No, Moulic can only invoke this defense against the petitioner if it was a privy to the
purpose for which they were issued and therefore is not a holder in due course. She failed
to get back the possession of the checks, intentional cancellation of instrument is
impossible. The acts which will discharge a simple contract of payment of money will
discharge the instrument. Correlating Article 1231 of the Civil Code which enumerates the
modes of extinguishing obligation, none of those modes outlined is applicable in this case.
Moulic may not unilaterally discharge herself from her liability by mere expediency of
withdrawing her funds from the drawee bank. she has no legal basis to excuse herself from
liability on her check to a holder in due course. Moreover, the fact that the petitioner failed
to give notice of dishonor is not immaterial. The need for such notice is not absolute.

Labagala v. Santiago

Facts: Jose T. Santiago owned a parcel of land in Rizal Avenue Extension, Sta. Cruz, Manila.
His sisters Nicolasa and Amanda alleged that he had fraudulently registered the said parcel
under his name alone. They sued him for recovery of 2/3 share of the property. On April
20, 1981, the trial court decided in favor of the sisters, recognizing their right of ownership
over portions of the property. The Register of Deeds of Manila was required to include the
names of Nicolasa and Amanda in the certificate of title to said property.
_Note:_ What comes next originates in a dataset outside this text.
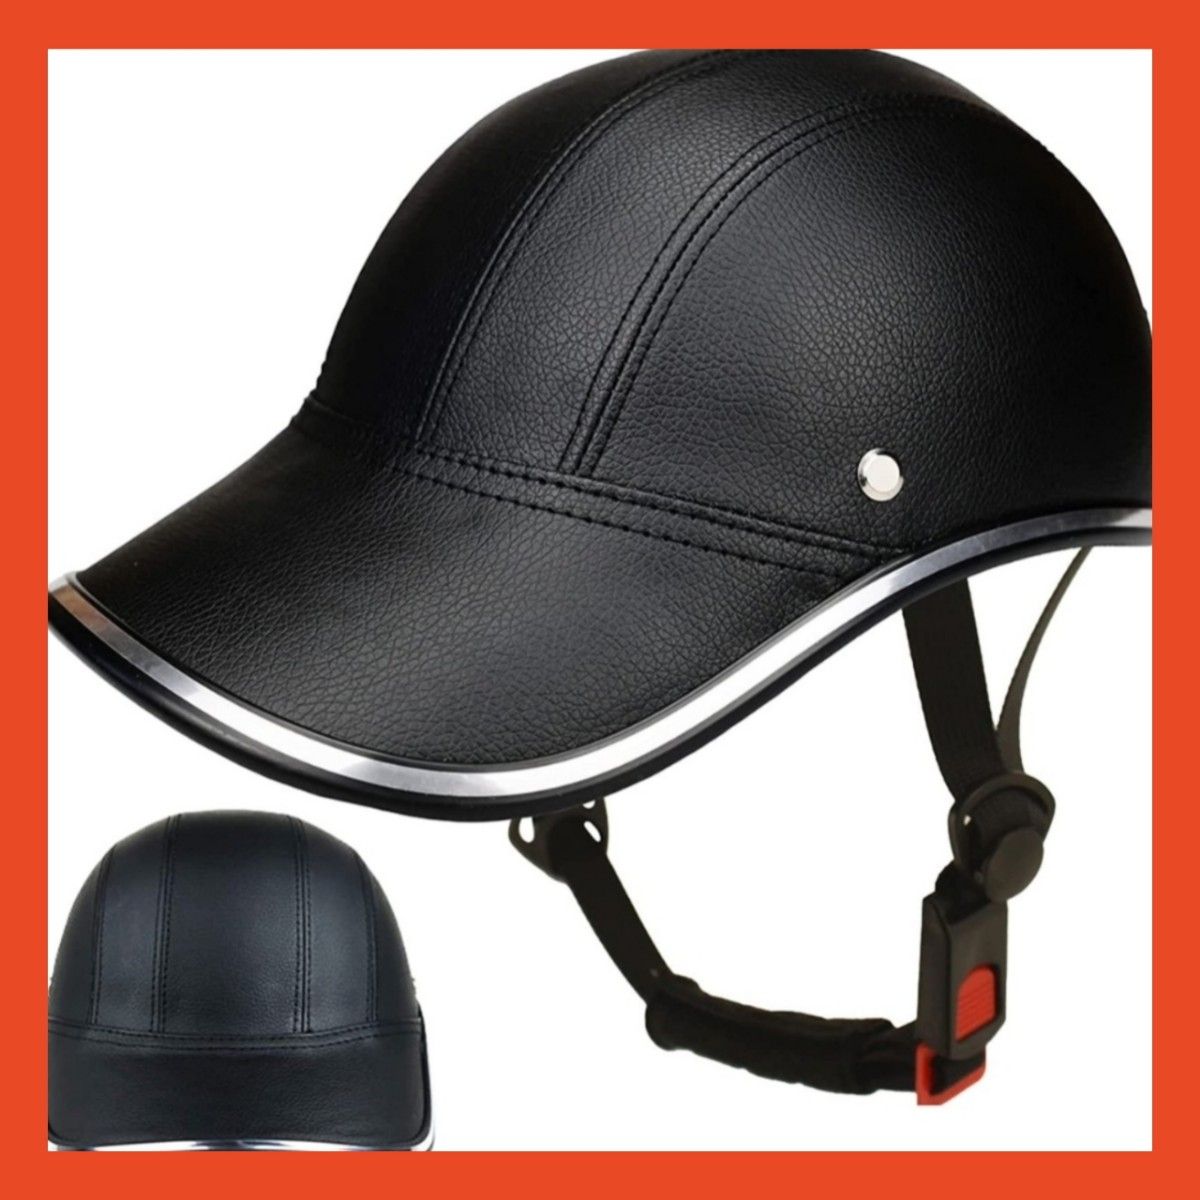 【大人気】ヘルメット 自転車 大人用 帽子型 54-62cm 黒 革 レザー ブラック キャップ 男女兼用

Jose died intestate on February 6, 1984. On August 5, 1987, His sisters filed a complaint for
recovery of title, ownership, and possession against the petitioner, Ida C. Labagala to
recover from her the 1/3 portion of said property that Jose owned. Respondents alleged
that Jose's share in the property belongs to them because they are the only legal heirs of
their brother, who died intestate and without issue. They claimed that the purported sale of
the property made by their brother to petitioner sometime in March 1979 was executed
through petitioner's machinations and with malicious intent, to enable her to secure the
corresponding transfer certificate of title in petitioner's name alone. Petitioner claimed to
be Jose’s daughter and entitled to his share in the subject property.

On October 17, 1990, the trial court ruled in favor of petitioner. According to the trial court,
while there was indeed no consideration for the deed of sale executed by Jose in favor of
petitioner, the deed constitutes a valid donation. Even if it were not, petitioner would still
be entitled to Jose's 1/3 portion of the property as Jose's daughter. Respondents appealed
to the Court of Appeals, which reversed the decision of the trial court because the name of
Ida’s parents is different in her birth certificate.
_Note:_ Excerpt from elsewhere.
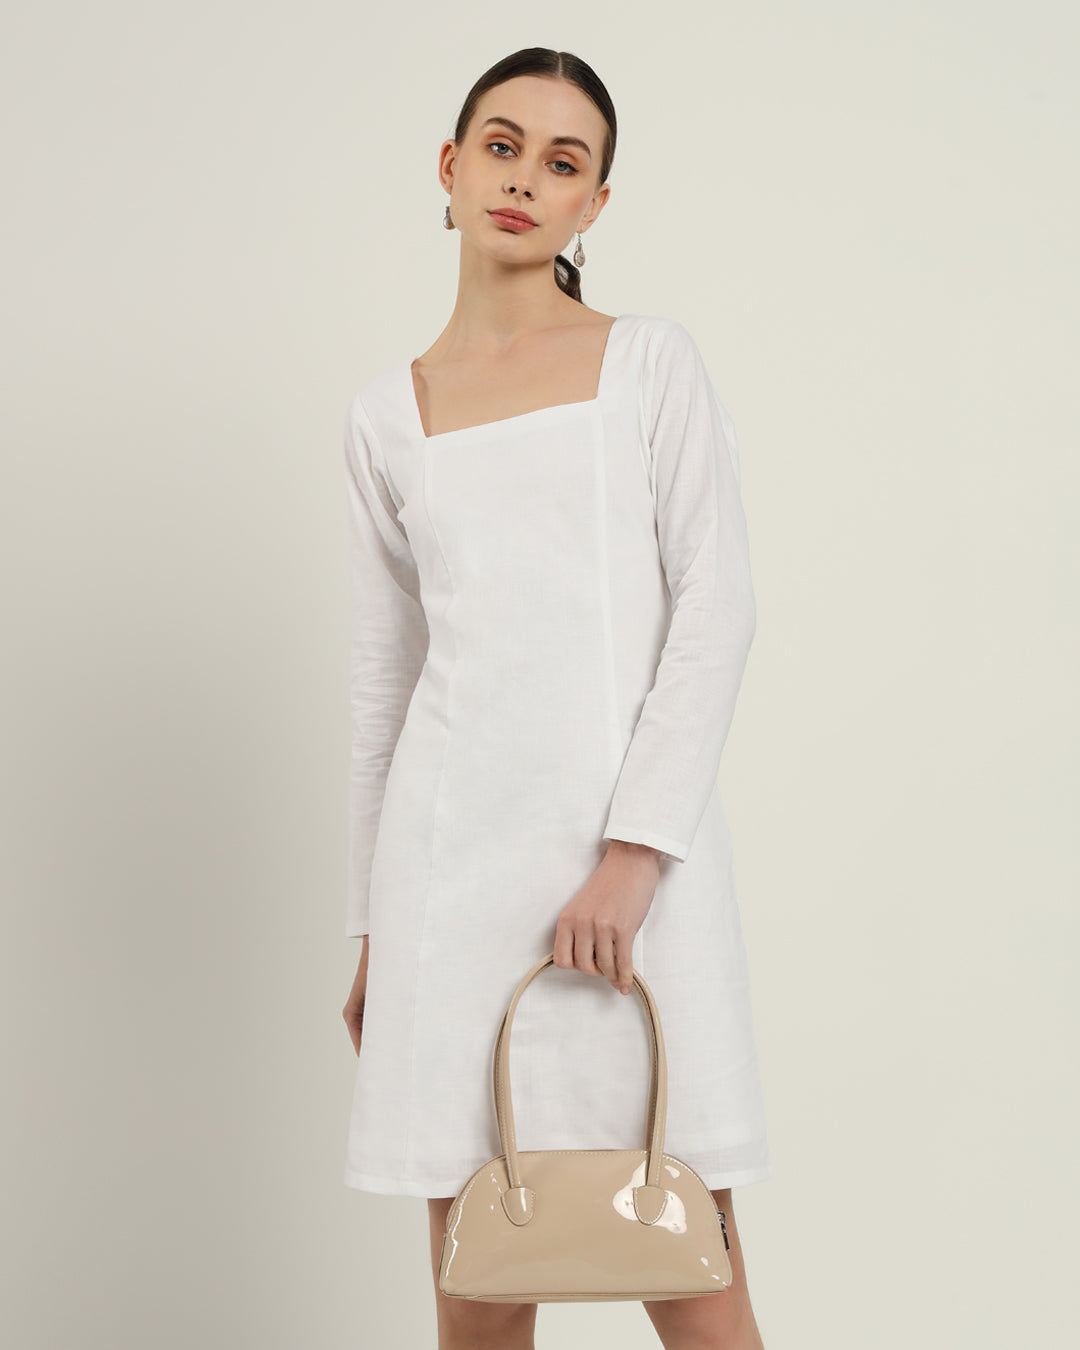 The Auburn White Linen Dress

Issue: Whether or not petitioner is entitled to Jose's 1/3 portion of the property he co-
owned with respondents, through succession, sale, or donation.
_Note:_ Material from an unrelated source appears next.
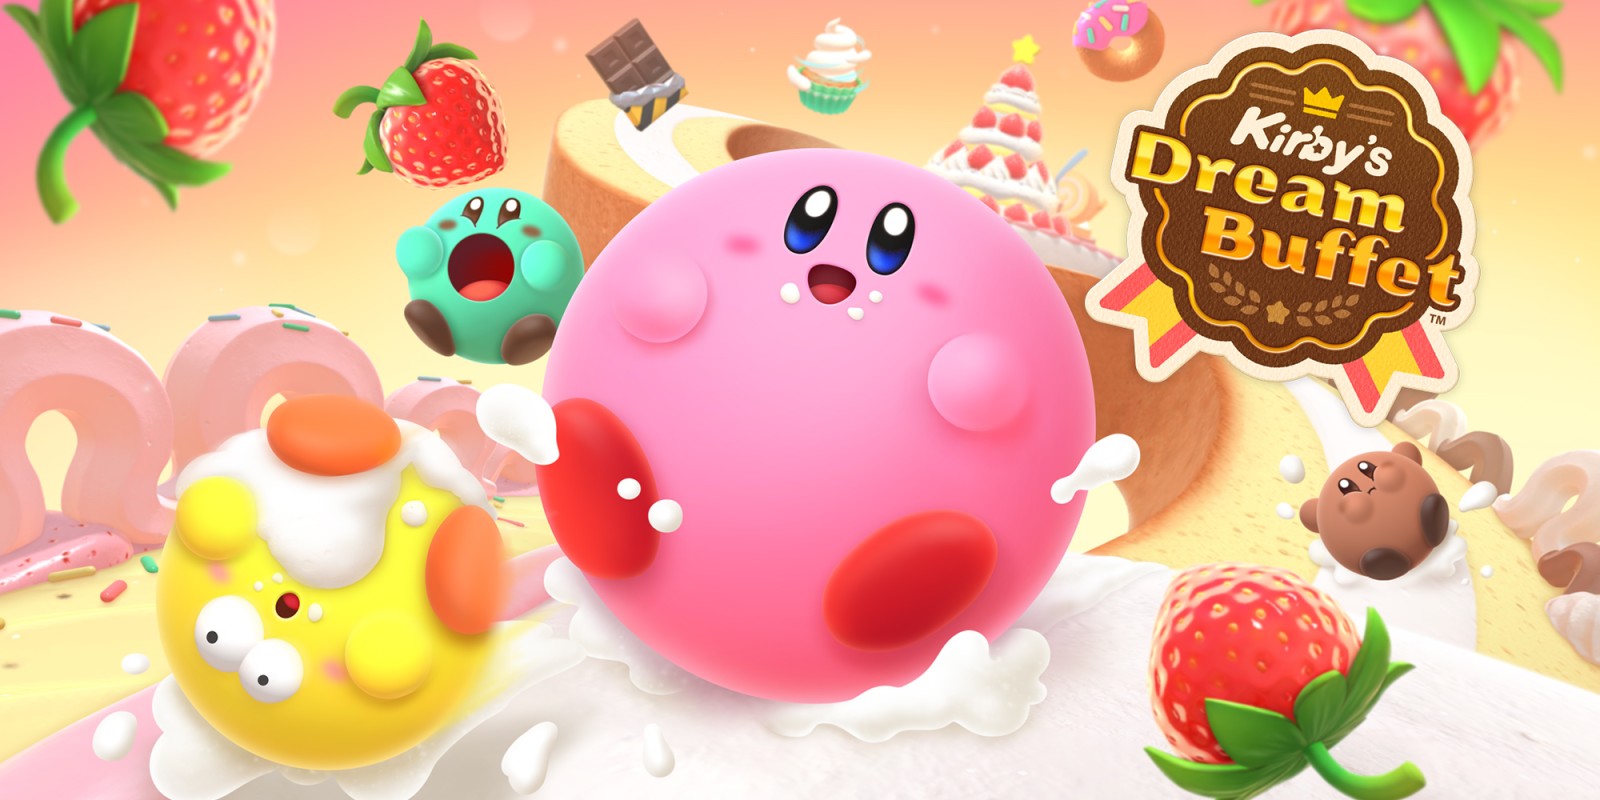 Anuncio de Kirby's Dream Buffet: arcade competitivo sobre comer golosinas

Ruling: No, the petitioner is not entitled to Jose’s 1/3 portion of the property he co-owned
with respondents.

The Court ruled that there is no valid sale in this case. Jose did not have the right to
transfer ownership of the entire property to petitioner since 2/3 of it belonged to his
sisters. Petitioner cannot give her consent that time because she was still a minor. Consent
of the contracting parties is the essential requisites of a contract, there can be no valid
contract if there is no consent. Moreover, petitioner admittedly did not pay any centavo for
the property, which makes the sale void.

According to Art. 1471. “If the price is simulated, the sale is void, but the act may be shown
to have been in reality a donation, or some other act or contract.” Neither may the
purported deed of sale be a valid deed of donation. Even assuming that the deed is genuine,
it cannot be a valid donation. It lacks the acceptance of the donee required by Art. 725 of
the Civil Code. Being a minor in 1979, the acceptance of the donation should have been
made by her father, Leon Labagala or her mother Cornelia Cabrigas or her legal
representative pursuant to Art. 741 of the same Code. No one of those mentioned in the law
in fact no one at all accepted the donation for Ida.